Launching a marketing agency is the easy part. Getting found by your first ten clients is where most new agencies stall. You can be brilliant at the work and invisible to the people looking for it, because the businesses hiring agencies rarely start with a Google search and a leap of faith. They start with shortlists, and shortlists are built from directories, review platforms and curated lists. If you are wondering where to list your digital marketing agency, the honest answer is that a handful of directories matter a great deal and most matter very little. Here is how to tell the difference.
How agency directories actually work
Agency directories run on three models, and knowing which is which saves you money. Free directories let you create a profile at no cost and earn visibility through completeness and reviews. Freemium directories offer a free listing but sell better placement, badges or category sponsorship on top. Pay-to-play directories charge for entry itself, sometimes thousands of pounds a year, and suit established agencies with lead flow to protect rather than new ones trying to build it.
The mistake new agency owners make is treating directories as a numbers game. Being listed on thirty directories with thin, half-finished profiles does less for you than complete, reviewed profiles on the right three. Buyers genuinely use these platforms: around nine in ten B2B buyers use review platforms during the purchasing process, according to TrustRadius research. The question is not whether to be listed, it is where, and in what order.
The best UK agency directories in 2026
1. Agency Index Agency Index is the UK specialist of the group, built specifically around the British agency market rather than a global database with a UK filter bolted on. Its standout feature is ownership model filtering: buyers can search specifically for independent agencies rather than network-owned ones, which means independent shops get found by the clients who actually want them. Profiles cover services, industries and locations across the UK, and listing is free.

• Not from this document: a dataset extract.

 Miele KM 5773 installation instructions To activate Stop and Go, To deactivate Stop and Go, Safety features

2. Clutch Clutch is the global heavyweight, a review-driven B2B marketplace that many procurement teams treat as the default starting point. A basic profile is free, with paid visibility tiers starting around 1,500 dollars a year. The honest caveat for a new agency: Clutch only really works once you have detailed, verified client reviews, so treat it as a slow-building asset rather than a quick win.
3. Semrush Agency Partners Semrush’s agency directory reaches a particular kind of buyer: SEO-literate businesses already inside the Semrush ecosystem. If search is a core part of your offer, that is a valuable audience to be visible in front of. Listing is tied to the Semrush platform, so it makes most sense for agencies already paying for the tools.

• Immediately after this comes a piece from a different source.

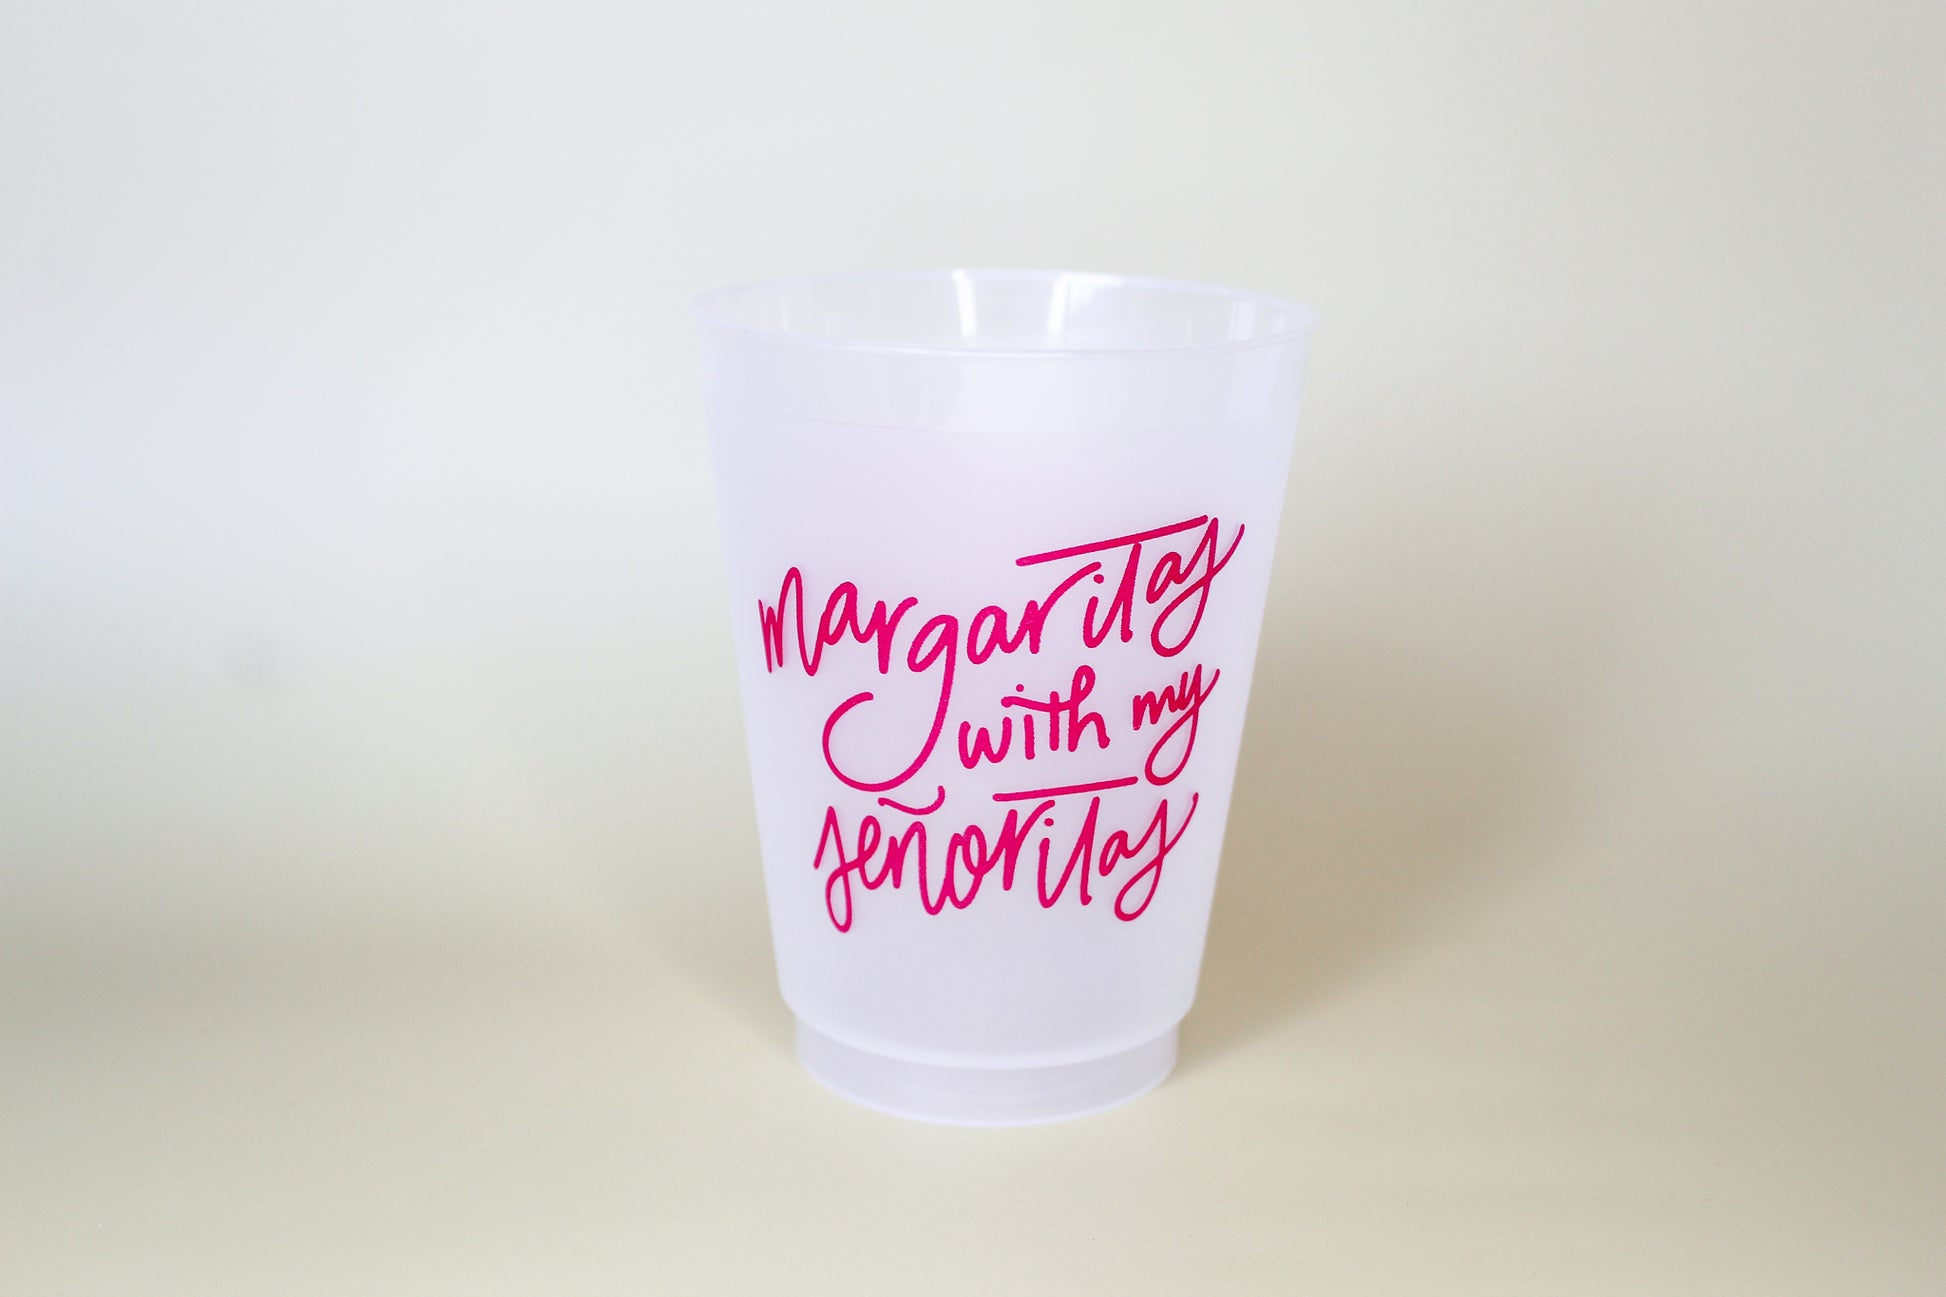 Mamacita Needs A Margarita Tumbler Insulated Cup for Cold Drinks  Personalized Gift for Mom or Friend Perfect for Summer

4. DesignRush DesignRush covers the full span of digital services, from marketing to development to design, and offers a free profile with paid tiers for premium exposure. Its breadth means plenty of buyer traffic, though it also means more competition within each category, so a complete profile with strong portfolio entries matters more here than on smaller directories.

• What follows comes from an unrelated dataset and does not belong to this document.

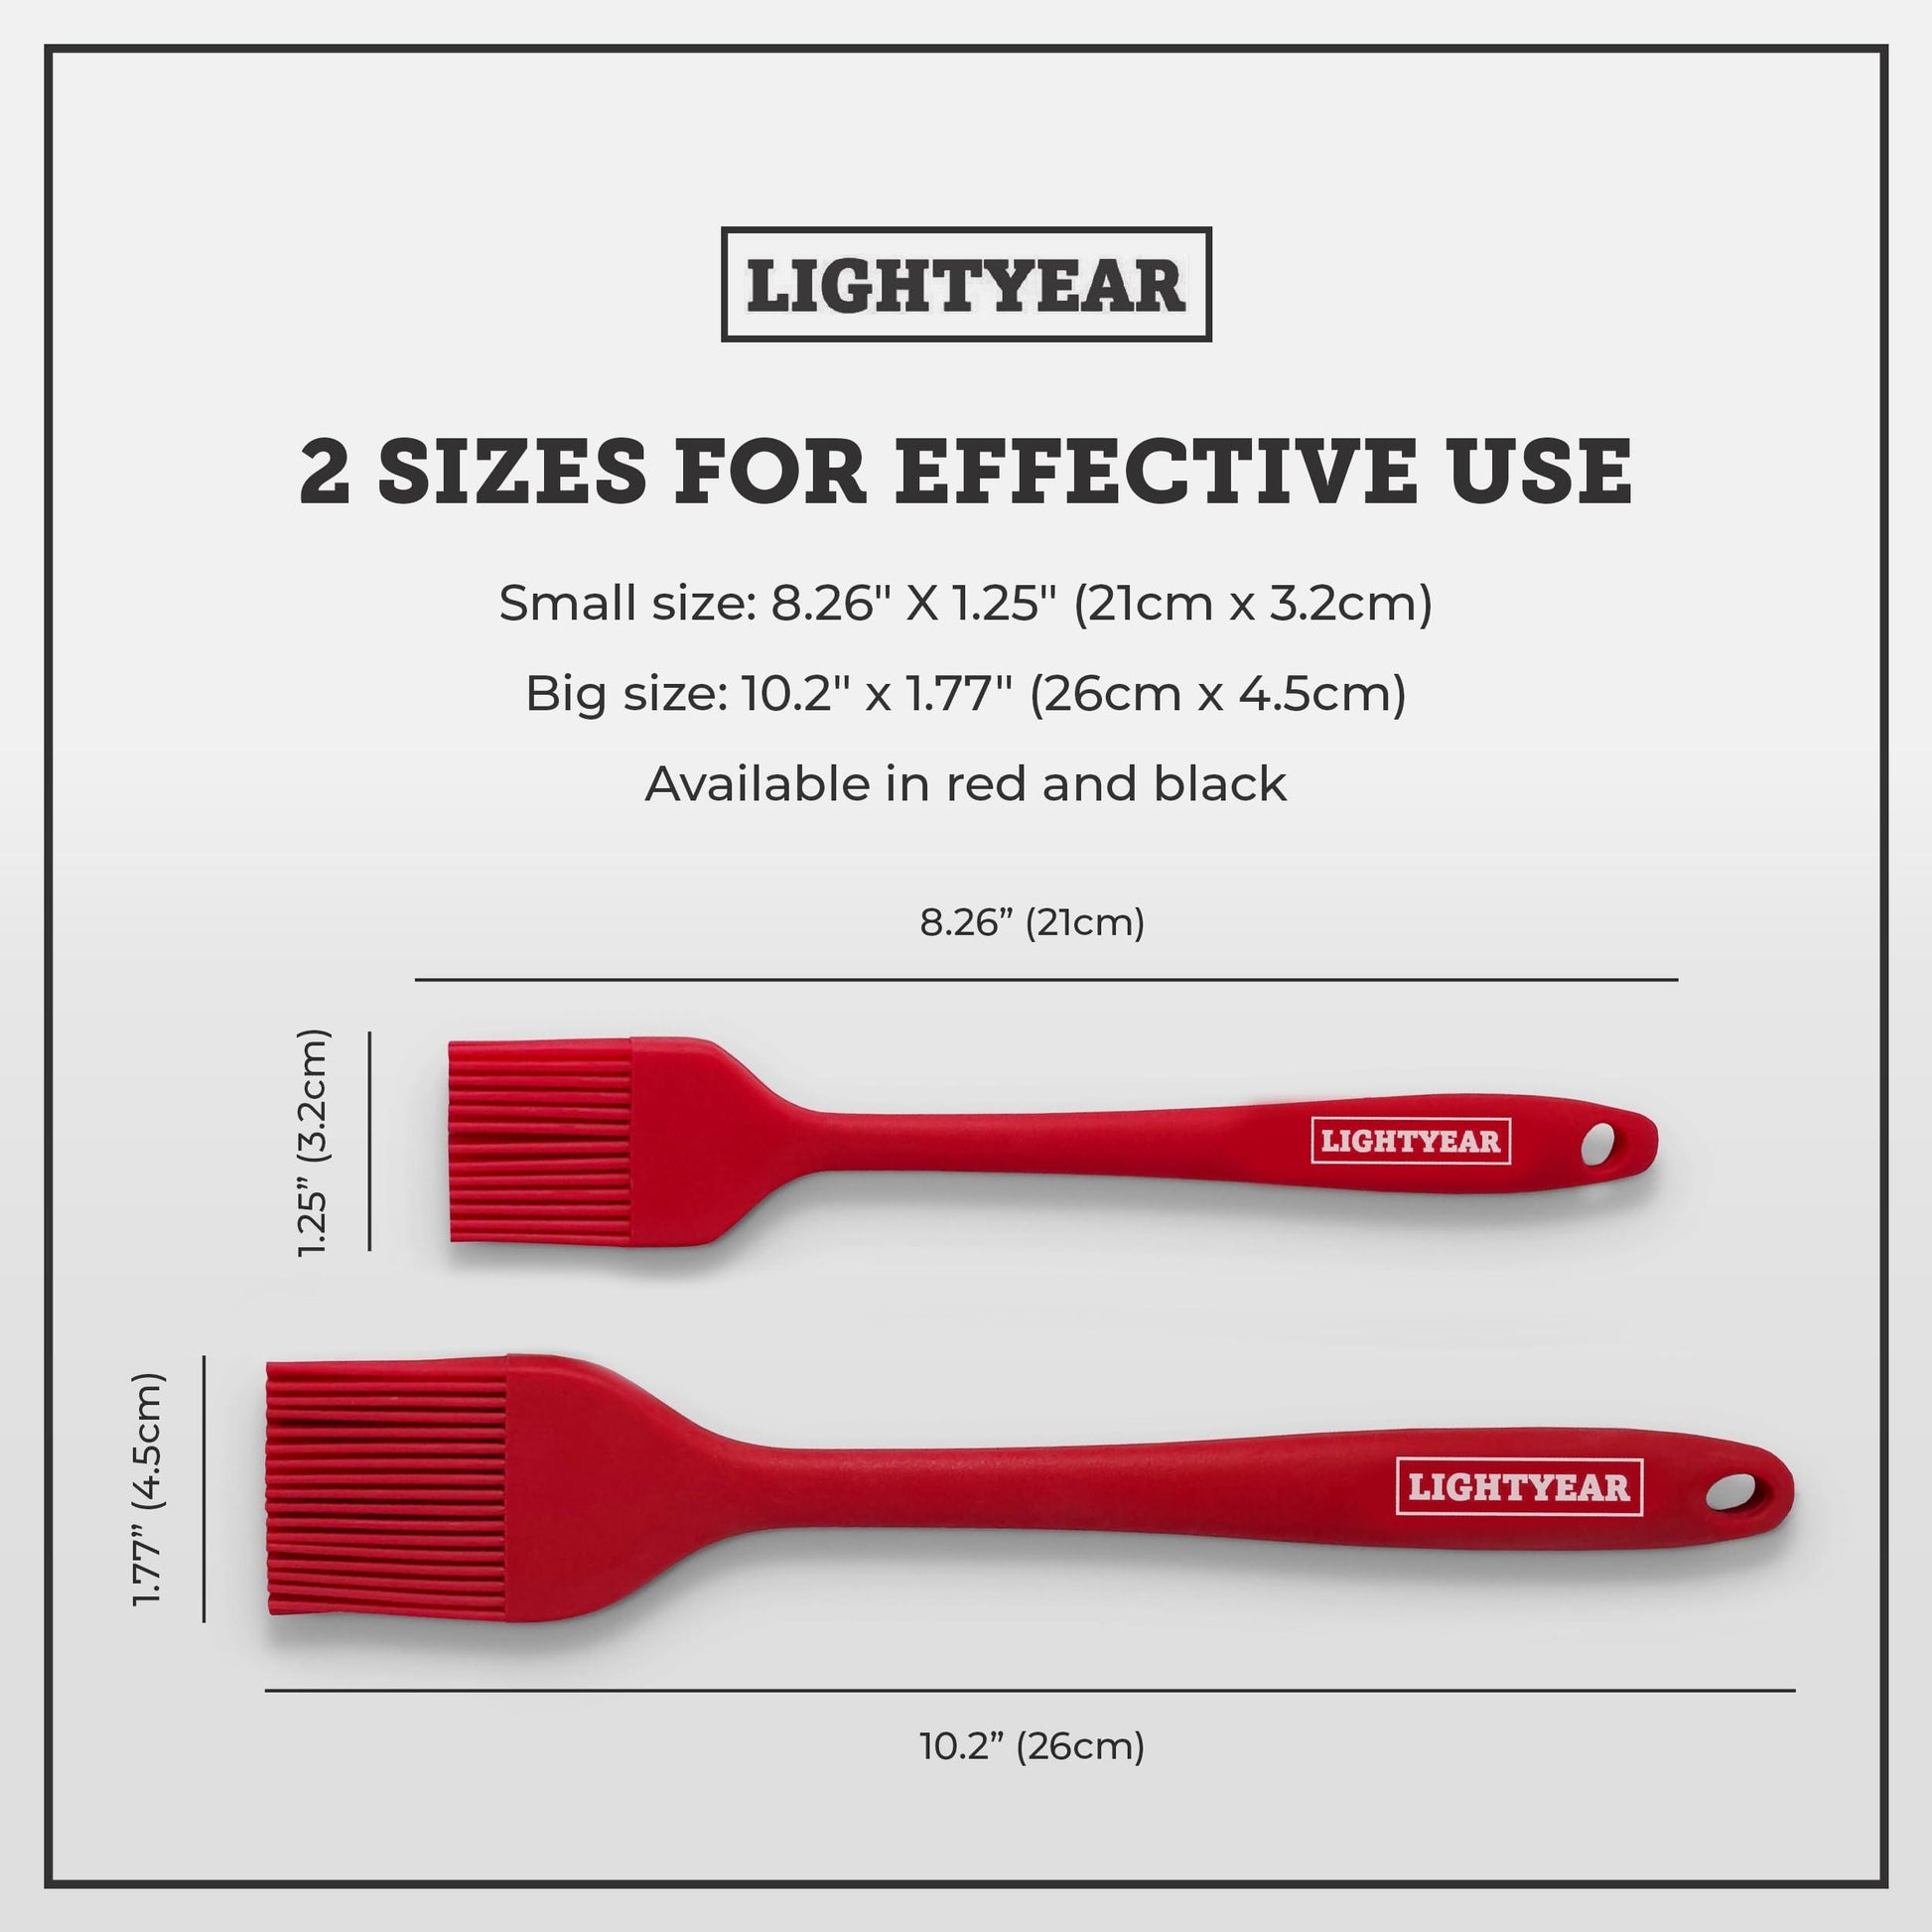 Lightyear Silicone Basting Pastry Brush Set (2 Pcs) ❘ 450°F Heat Resistant Oil Brush for Your Kitchen - Ideal For BBQ’s, Baking & Cooking | 100% Food Grade Silicone - BPA Free & Dishwasher Safe (Red) - CookCave

5. Digital Agency Network DAN organises agencies by city hubs, with a particularly strong London presence, which suits agencies whose clients still care about geography. Membership is paid, and the directory is curated rather than open, so it sits in the consider-later column for most new agencies but earns its place for London-based shops targeting London brands.
6. GoodFirms GoodFirms is a free-to-list research and review platform with a sizeable UK section. It is one of the easier directories to get established on as a new agency, because the review mechanic lets you build credibility from your first few projects rather than requiring a long track record before you appear.
7. Blue Array’s agency directory A free, curated directory of UK marketing specialists maintained by Blue Array. It is smaller than the global platforms, but curation is the point: inclusion functions as a quality signal, and the directory is increasingly referenced by the AI tools and assistants that buyers now use to research agencies.
8. Google Partners Not a directory in the traditional sense, but if you run paid media for clients, the Google Partners listing is free visibility you should claim. It is gated by certification requirements and ad spend thresholds rather than fees, which makes it a credibility marker as much as a discovery channel.
Which directories should your agency join first?
If you are starting from zero, start with the free listings, and start with Agency Index. It costs nothing to be listed, it is the only platform built specifically around the UK market, and the ownership model filtering puts independent agencies in front of buyers who are deliberately excluding the networks, which is a search no other directory supports. A free listing with that kind of targeting is the closest thing to a no-brainer in this entire space.
GoodFirms, Blue Array and DesignRush’s free tier come next, and all four profiles can be live within a week, each costing nothing but an afternoon of proper completion. Then add Clutch once you have two or three projects you can ask clients to review in detail, since an unreviewed Clutch profile does very little.
Leave the paid tiers until your lead flow justifies them, and claim Google Partners whenever you cross the certification thresholds, since it costs nothing but proof of competence. Searches for free agency directories in the UK outnumber almost everything else in this space, and the free options above are genuinely where most new agencies should start.
Discovery infrastructure compounds quietly. A complete, reviewed profile works for you while you are working for clients, and an absent one simply sends buyers to whichever competitor filled theirs in. List well once, in the right places, and the shortlists start finding you.